GMcloser安装及使用
GMcloser, a tool that accurately closes genomic gaps with a preassembled contig set or a long read set (i.e., error-corrected PacBio reads).
PS:本文采用conda安装,官方手册Manual_GMcloser.pdf在官网安装包里,详细信息参见手册。官网地址:GMcloser安装包
一、gmcloser安装及使用
#conda创建一个新环境
conda create -n gmcloser
#依赖包安装
conda install -c bioconda blast+
conda install -c bioconda bowtie2
conda install -c bioconda yass
#安装gmcloser
conda install -c bioconda gmcloser
#测试,显示文档安装成功
gmcloser -h
二、测试demo
#Gap closing in rice scaffolds (scaf.fa) with a contig set (contig.fa)
gmcloser -t <scaf.fa> -q <contig.fa> -r <pe_read_1.fq pe_read_2.fq> -p <out1> -l 100 -i 500 -d 50 -c -n 20
#Gap closing with pre-existing alignment files(sam文件)
gmcloser -t <scaf.fa> -q <contig.fa> -p out2 -a align1.coords -st <align.t1.sam align.t2.sam> -sq <align.q1.sam align.q2.sam> -l 100 -i 500 -d 50 -c -n 12
#Gap closing with error-corrected PacBio reads (e.g., 6x coverage)
gmcloser -t <scaf.fa> -q <read.fa> -lr -it 3 -mq 2 -p <out3> -l 100 -i 500 -d 50 -c -n 12
#主要参数说明
-t input target scaffold fasta file
-q input query fasta file of a contig or long read set (if long reads are used, -lr option must be specified)
-r space-separated list of fastq or fasta files of paired-end reads (e.g., -r read_pe1.fq read_pe2.fq) [gzip compressed files (*.gz) are acceptable]
-l read length of the paired-end reads specified with the ‒r, -st, -sq, or ‒sd option (mean read length if read lengths are variable)
-i average insert size of paired-end reads. INT must be > read_len and < 20001. [default: 400]
-d standard deviation of insert sizes of paired-end reads [default: 40]

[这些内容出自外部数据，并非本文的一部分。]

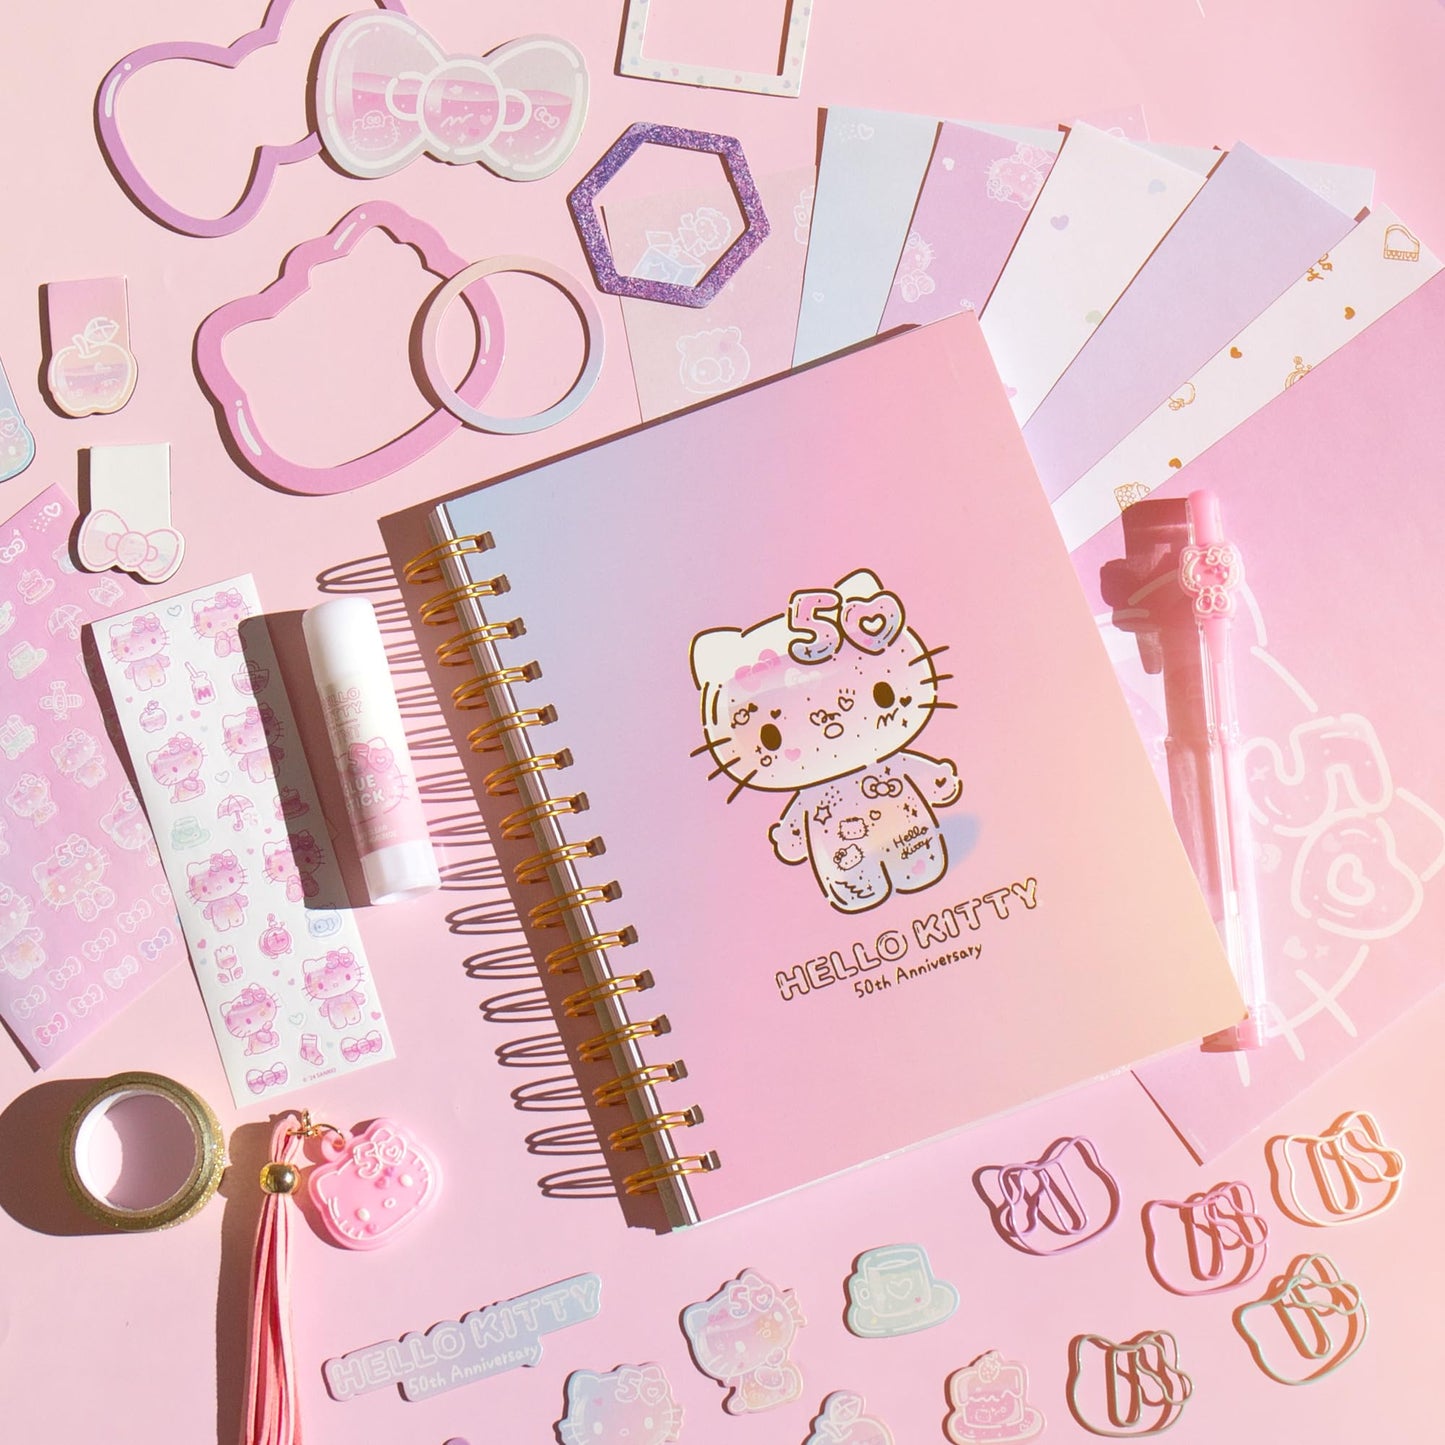 Set de Journaling Oficial de Hello Kitty Sanrio 50th Anniversary

-c connect between gap-encompassing subcontig pairs with their original (not merged with query contigs) termini [default: false]
-n number of threads (for machines with multiple processors), allows all the alignment processes to be performed in parallel [default: 5]
-LR query sequence file is a fasta file of long reads [default: false] (this option must be specified when a long-read set is used. If PacBio reads are used, they must be error-corrected)
-it number of iterations [default: 3]
-p prefix name of output files to be output in the working directory (must not contain directory names)
三、实战
策略I: Gap filling use hifi-reads
#准备数据到工作目录下/home/liuxin/DATA/cbp_data
组装草图位置:</home/liuxin/DATA/cbp_data/Cbp.LG.fasta>
hifi-reads位置:</home/liuxin/DATA/cbp_data/cbp.css.fasta>
二代reads位置:</home/liuxin/DATA/cbp_data/D2124163A_122_1.fq.gz /home/liuxin/DATA/cbp_data/D2124163A_122_2.fq.gz>
#进入工作目录
cd /home/liuxin/DATA/cbp_data
#开始运行
nohup gmcloser -LR -t Cbp.LG.fasta -q cbp.ccs.fasta -r D2124163A_122_1.fq.gz D2124163A_122_2.fq.gz -l 250 -i 400 -d 40 -it 3 -c -n 20 -p hifi_fill_outfile &
#结果将生成在hifi_fill_outfiile文件夹中,以.gapclosed.fa形式出现。此外,还包括一些统计输出文件,具体查看手册。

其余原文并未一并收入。